All three of us (the non-fairy people) jumped at the sound of her musical voice.

“Although, sometimes I do miss the taste of them so.” The fairy’s red lips stretched back to show sharp, pointed teeth. Her liquid, blue eyes flashed.

In a blink, sour Mrs. Graham stood in her place in front of the door. She snapped off the fan and looked at us with a dour expression. “I do believe you are all expected to be in class. Unless there are any questions you wish to ask of me?”

“No ma’am,” both Ed and Adam murmured in unison under their ducked heads as they headed toward the open door, herding me between them. I stopped, trying not to pay attention to their pulling and tugging, as I looked back at her.

“Why do you pretend to be someone you aren’t?” I asked, nonplussed at her show of viciousness. I figured that if she wanted to eat us, she would have already done it.

As if surprised at my courage, her lips twisted in a slight smile. “Because I’m not who I want to be.”

She held out a book to me. “I think you may need this.”

I took it, careful not to touch her, and read the title,
A History of the County of Bland.
Wow. How had she known that was what I had come into the library to find? Apparently, Spriteblood must be psychic, too. I smiled at her.

“Tha--” I got cut off by Adam who gave me a hard shove through the door.

Do not say anything else!
His voice warned, bouncing and echoing through my head.

Somehow we managed to get all the way down the hall and around the corner in record speed before he spoke.

“Never say ‘thank you’ to a fae of any kind,” he warned me, squeezing my hand in his. “They think that you will be implying that you are grateful to them, and that you will owe them a favor in turn one day.
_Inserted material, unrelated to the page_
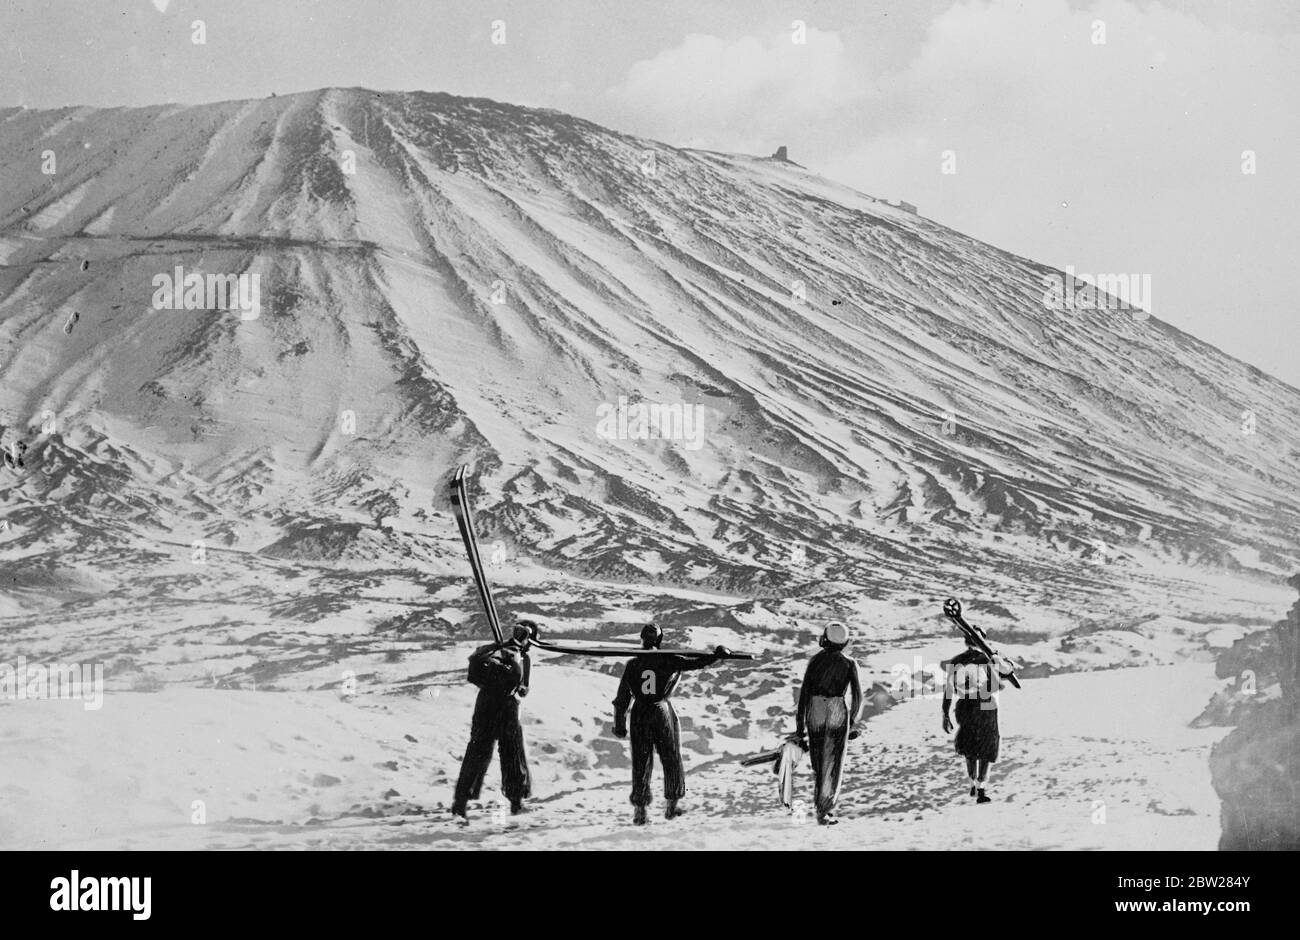 Skiing on the Vesuvius for the first time in years. The intense cold has covered Vesuvius with slow for the first time in many years and skiing enthusiasts from Naples are now enjoying good sport on the slopes of the volcano. Photo shows, skiers approaching snowclad Vesuvius. 14 January 1938 Stock Photo

Their favors never tend to be small, either, so never owe them anything. Understand?”

“Sure,” I said, finding myself at the door of my next class.

“We’ve got to go,” Ed warned, heading down the hall towards a bald, frowning teacher who stood with his hands on his hips.

Adam ducked his head down and gave me a quick kiss before following Ed. I took a breath and opened the door, hoping that my next class was taught by someone as ordinary as me.

“As far as I know, her real name is Wynter,” Adam said, safe in the confines of my Jeep after school. “She’s old. Really old. Hundreds of years at least, although no one knows how many. Like we said before, her race is Spriteblood, and normally you would never run into one anywhere during your entire lifetime. Generally, they hate humankind, unless of course, they get a taste of human flesh and want more. My people have stories of entire tribes that have been wiped out by a single Spriteblood. Wynter’s different, though, and likes humans. She even envies us, I think. That’s why she takes on the form she does, to try to fit into our world.”


Mrs.
Graham,” I said weakly. “She’s married?”

“Was married, and no she didn’t eat him,” he laughed. “This husband died of old age. She’s been married several times. When she falls in love, the man sees her how she is, in her true form, not the grouchy old woman. They say she was heartbroken over her first husband when he died, so that the next few after him, she tried to change into Spriteblood so that they wouldn’t die. It never worked and they ended up dying long, excruciating deaths. Mortified by the pain she had caused, she gave up trying and now she just lets them go when their time comes.”